Gross Pathology: At necropsy, the eyes had blue opaque corneas. Both eyes were promptly enucleated, fixed in Zenker's fixative for several hours, rinsed in ethanol for at least two days, then sectioned at 5 mm, and stained with hematoxylin and eosin.

Laboratory Results: Hematology, serum biochemistry, and urinalysis results were within normal limits for our laboratory.

Contributor's Diagnosis and Comments: Severe bilateral granulomatous anterior uveitis.

Etiology: suspected immune-mediated response (unknown antigen).

Both eyes had a severe granulomatous uveitis that was limited to the anterior uvea, and the adjacent sclera and episcleral tissues. There was also a severe superficial stromal corneal edema, and a very slight infiltrate of mononuclear inflammatory cells dissecting between the corneal endothelium and Descemet's membrane. All of these changes are most consistent with an immunologically-mediated injury. The granulomatous reaction is somewhat reminiscent of Vogt-Koyanagi-Harada (VKH) syndrome, though the limitation to the anterior uvea and sparing of the posterior uvea is atypical for that condition. The eyes were subsequently examined by two independent veterinary ophthalmology consultants, who each concurred with the above observations.

 

Case 16-1. Eye. The iris is expanded by an influx of lymphocytes, plasma cells, and histiocytes. Eosinophilic, proteinaceous exudate is in the anterior chamber (right). 20X

AFIP Diagnosis: Eye: Anterior uveitis, lymphoplasmacytic and histiocytic, diffuse, moderate, with corneal edema, peripheral keratitis, scleritis, episcleritis, and proteinaceous exudate in anterior, posterior, and vitreous chambers, Beagle, canine.

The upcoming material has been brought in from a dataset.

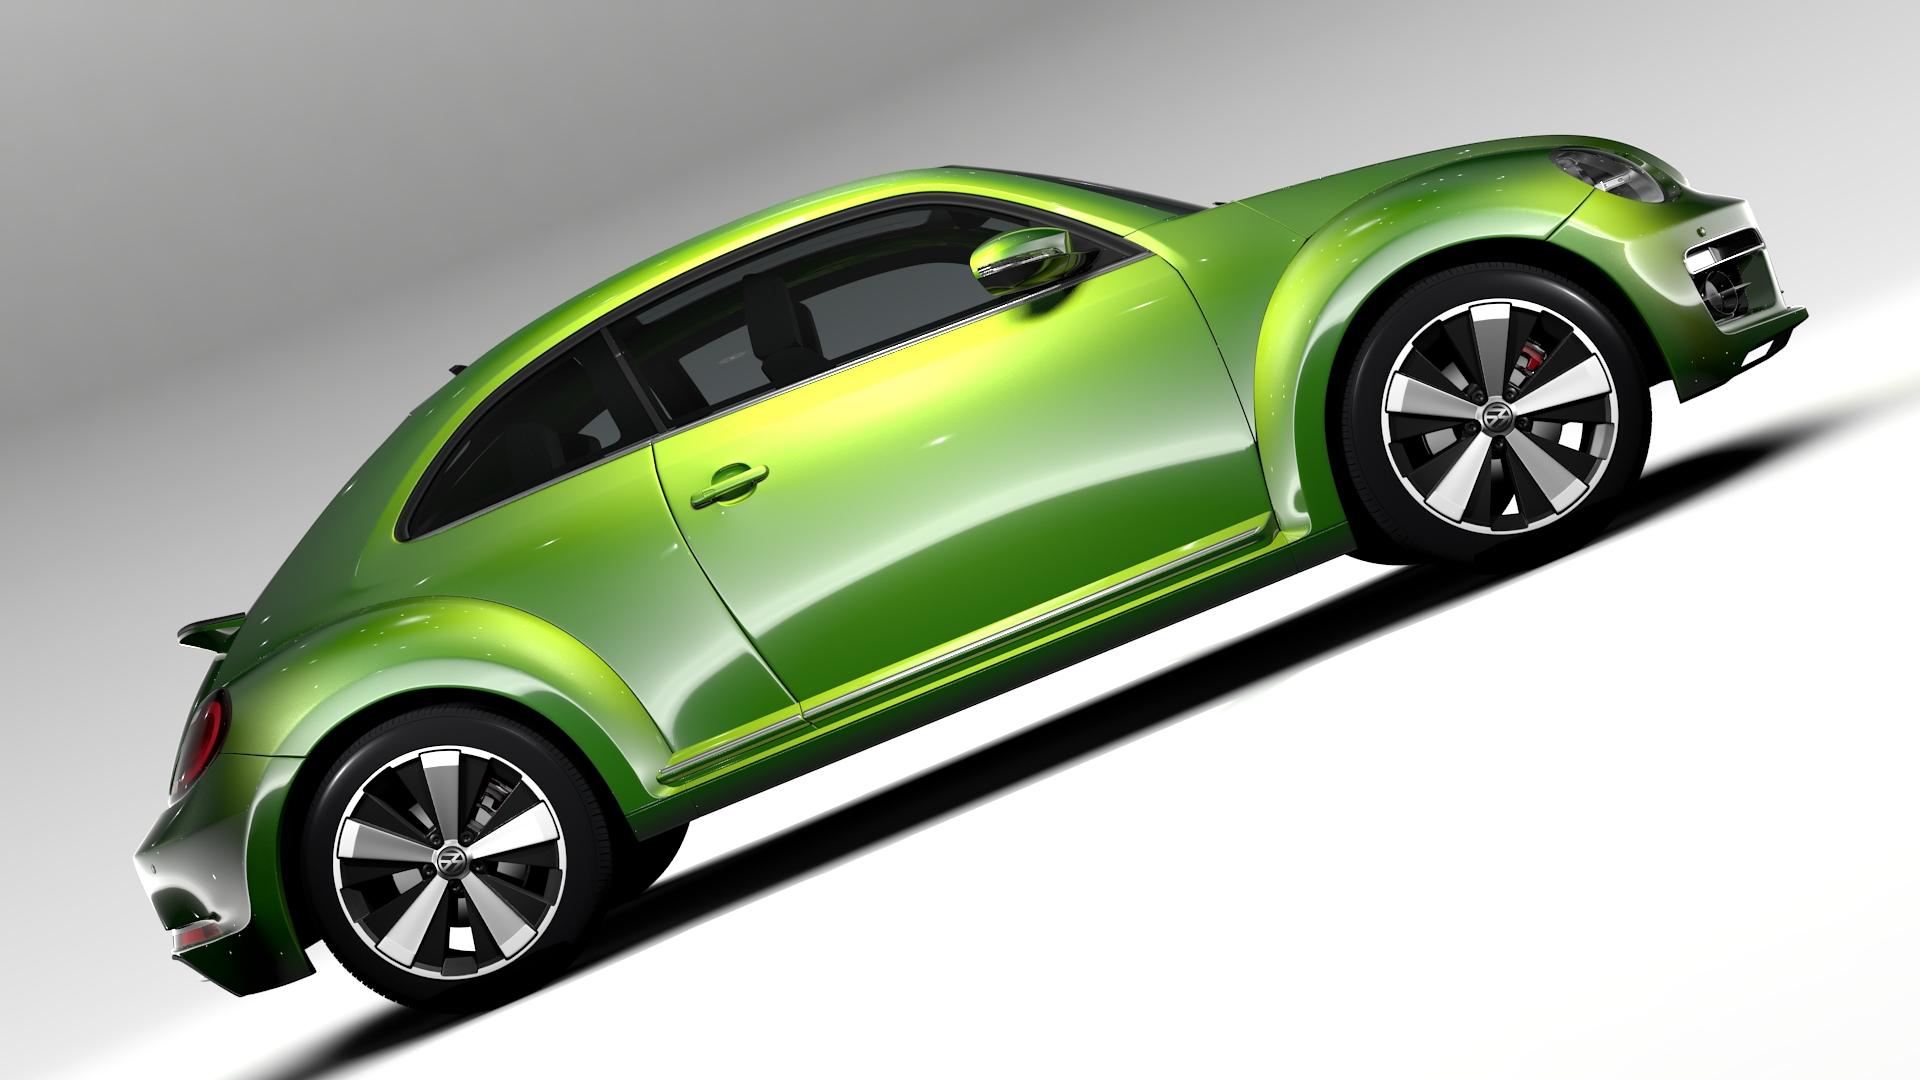 vw beetle 2017 3d model 3ds max fbx c4d lwo ma mb hrc xsi obj 221571

Conference Note: Conference participants noted mild attenuation of the filtration angles, which likely caused the increased intraocular pressure by interfering with fluid drainage from the anterior chamber. However, histologic changes compatible with glaucoma (i.e. atrophy of inner retinal layers, optic disc cupping) are not present.

The pathogenesis of Vogt-Koyanagi-Harada (VKH) syndrome in humans is believed to involve the development of autoantibodies and cytotoxic T cells to melanocytes. However, human patients also develop neurologic lesions and a wide range of other immunological abnormalities. In dogs, no consistent immunological abnormalities have been observed.5

In dogs with VKH-like syndrome, uveitis usually precedes or occurs simultaneously with skin disease. The skin lesion is a symmetric facial poliosis and vitiligo, with variable erythema and crusting. Lesions may also be found on the footpads or perianal region, and in some cases can become generalized. Akitas, Samoyeds, Siberian Huskies, Alaskan Malamutes, Chow Chows, and crosses of these breeds are at increased risk.4

Another cause of uveitis and corneal edema in dogs is an immune-complex reaction to antigens of canine adenovirus 1. Uveitis in that condition is seen both in dogs with natural infection and in those vaccinated with live attenuated adenovirus vaccine. The uveitis results from the formation of virus-antibody complexes in the anterior chamber and cornea, with complement activation and consequent neutrophil accumulation. The neutrophils release enzymes that damage corneal epithelial cells, resulting in corneal edema and opacity.5 A reaction of this type is considered likely in this case.

Contributor: Merck Research Laboratories, Department of Safety Assessment, West Point, PA 19486

References:

1. Gelatt KN: Veterinary Ophthalmology, 2nd edition, Lea & Febiger, Philadelphia, pp. 382-386, 1991.

2. Clerc B, LaForge H: Ocular manifestations of systemic diseases. In: Textbook of Veterinary Internal Medicine, 4th edition, Ettinger SJ, Feldman FC (eds.), W.B. Saunders, Vol. 1, p. 531, 1995.

3. Slatter D: Fundamentals of Veterinary Ophthalmology, 2nd edition, W.B. Saunders, pp. 326-327, 1990.

4. Gross TL, Ihrke PJ, Walder EJ: Veterinary Dermatopathology, Mosby Year Book, St. Louis, pp. 148-150, 1992.

5. Tizard IR: Veterinary Immunology: An Introduction. 5th edition, W.B. Saunders, pp. 308, 415-416, 1996.

International Veterinary Pathology Slide Bank:
Laser disc frame #4723, 4819, 10204, 16887

Case II - 970402 or 970608 (AFIP 2603955)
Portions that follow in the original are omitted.